Thankfully you don’t have to use Lenovo’s camera software, since there are a ton of other third-party apps you can rely on to provide a more sensible interface for the camera.
But stick to ‘auto mode’ without bothering about the rest of the software, and the Vibe Shot remains very reliable.
As for selfies, the Vibe Shot’s 8 megapixel front camera offers a simple ‘beautification’ slider which lets you select the level of selfie enhancement you prefer. What’s nice is the inclusion of a pink or yellow screen light to brighten up the selfie as the photo is being taken, though it’s far weaker than a real front-facing LED flash.

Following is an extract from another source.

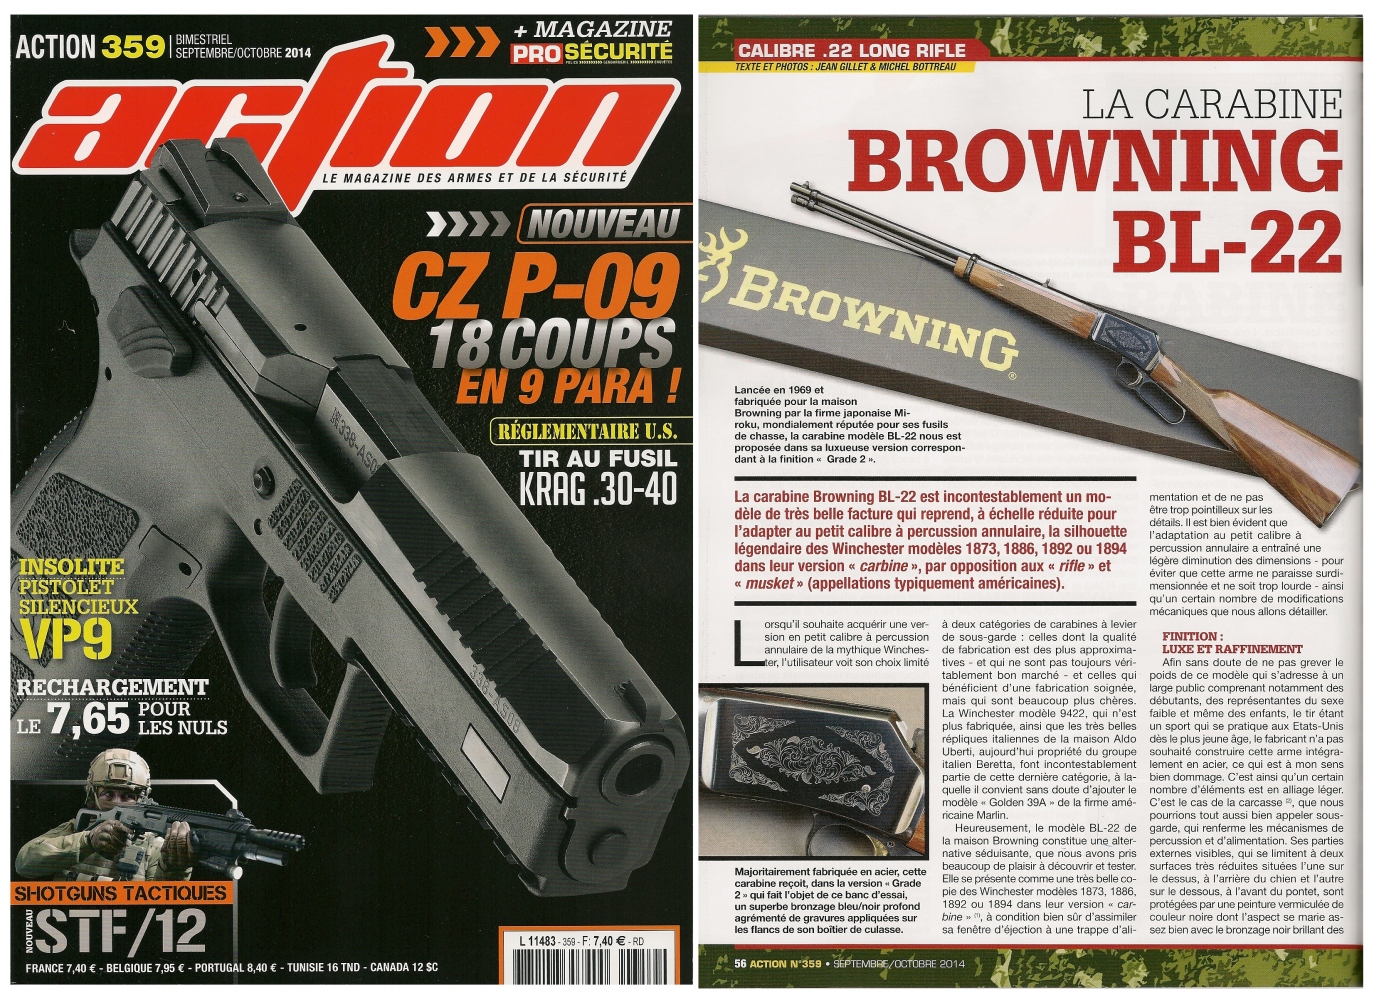 Le banc d'essai de la carabine Browning BL-22 a été publié sur 6 pages dans le magazine Action n° 359 (septembre-octobre 2014)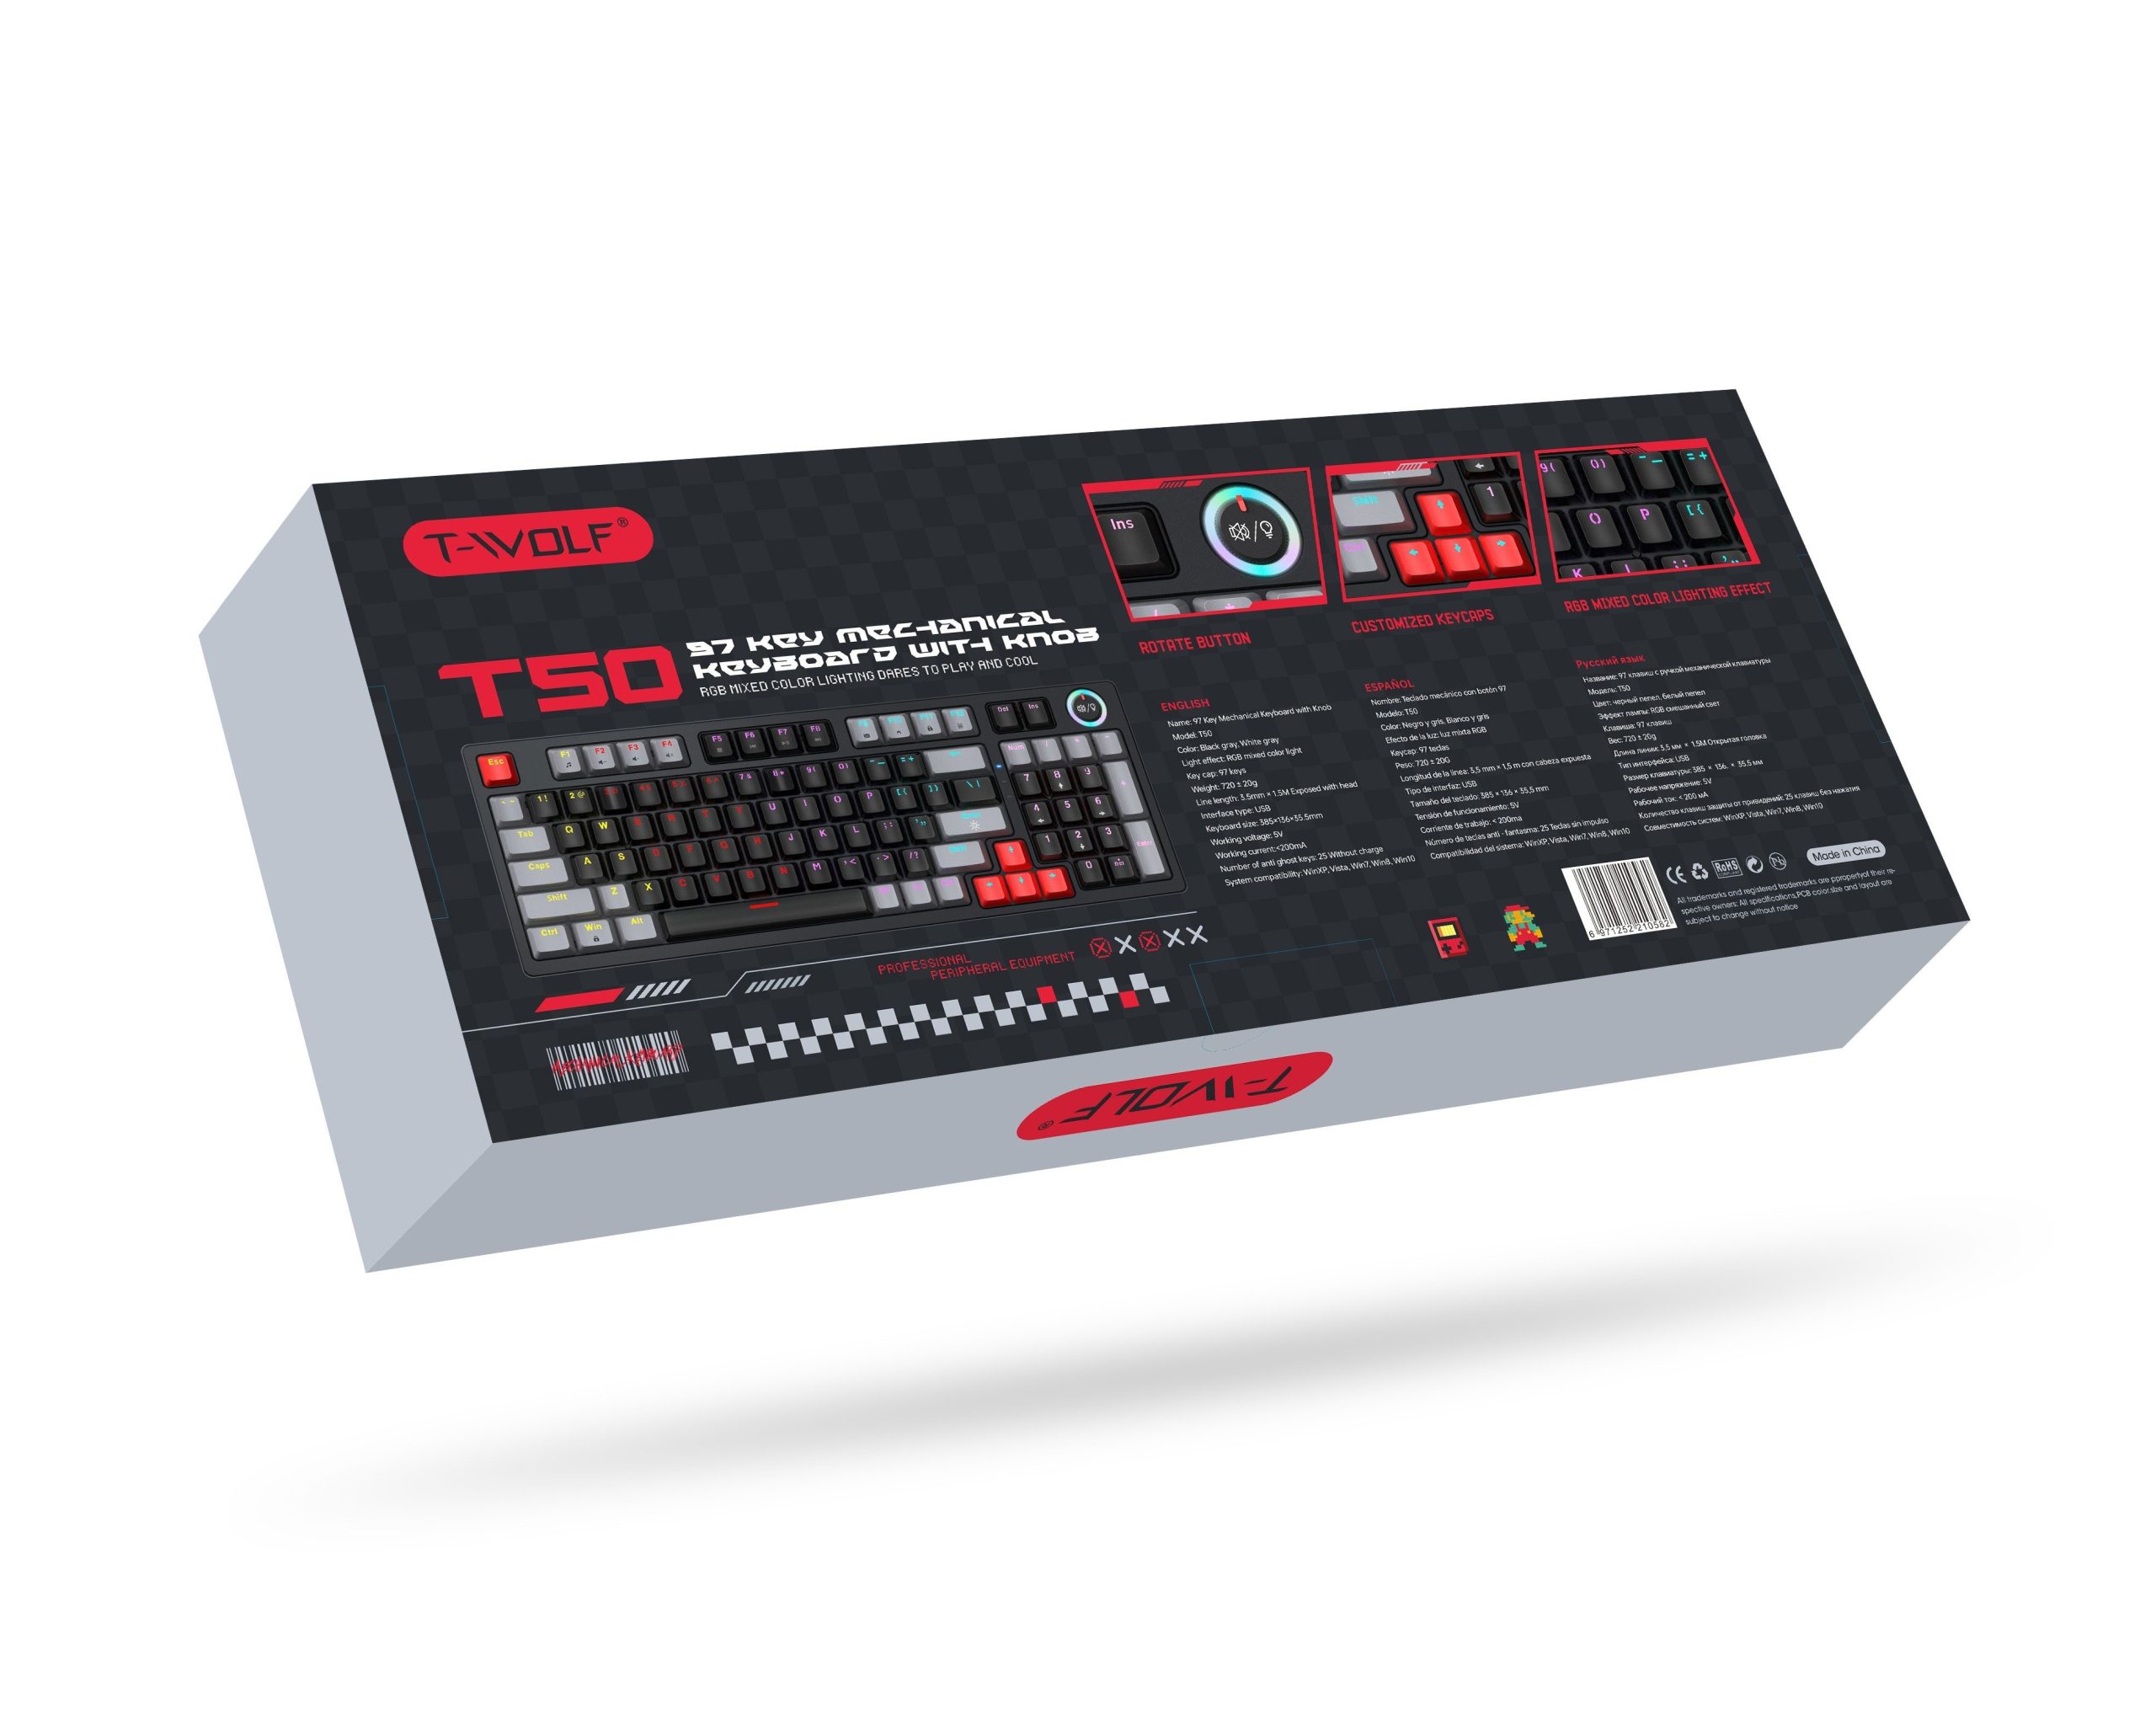 Keyboard T-WOLF T50 Black Chính hãng (Phím cơ, 97 key, Blue Switch, 22 chế độ LED)

High-end display, mid-range processor
Lenovo is known for packing decent performance in its smartphones for not a whole lot of money, and the Vibe Shot continues the trend.
Unlike many of its other models which employ MediaTek’s recent chipsets, the Vibe Shot utilises the Snapdragon 615 processor, a 64-bit octa-core mid-range entry from Qualcomm.
As such, the animations on the Vibe UI, Lenovo’s skinned version of Android 5.1 (Lollipop), are smooth, and ran all our apps without any lag or stutters. There were a number of updates in the time we had with the device, which shows Lenovo is improving its software over time. The only issue you may have to contend with is loading times, as it can take a while with certain games such as Ridge Racer Slipstream.
Audio quality is fairly decent but not standout, and we would recommend either using a good pair of headphones or a Bluetooth speaker if you want better, louder sounds.
In terms of battery life, we were surprised Lenovo managed to pack in a 3000mAh battery into the relatively thin body, but we’re glad it did, because our screen usage time is obviously a lot higher than the usual consumer, the Vibe Shot still managed to last beyond a day.
A number of features found on mid-range smartphones today is missing from the Vibe Shot, such as NFC (near-field communication) for contactless connectivity, a biometric sensor (fingerprint reader) and fast charging.
What is not missing is a relatively affordable price tag from Lenovo. Costing S$460 / RM1399 locally, the Vibe Shot may be at least two notches above that crucial US$199 mass market price point for mid-range smartphones, but it’s still cheaper than mid-range products from Oppo, HTC or Sony.
As such, we can easily recommend the Vibe Shot if you can disregard the camera software, or even the garish colours of Vibe UI, and focus on the image quality of the pictures, the nice looking display and the overall build quality of Lenovo’s camera-centric smartphone.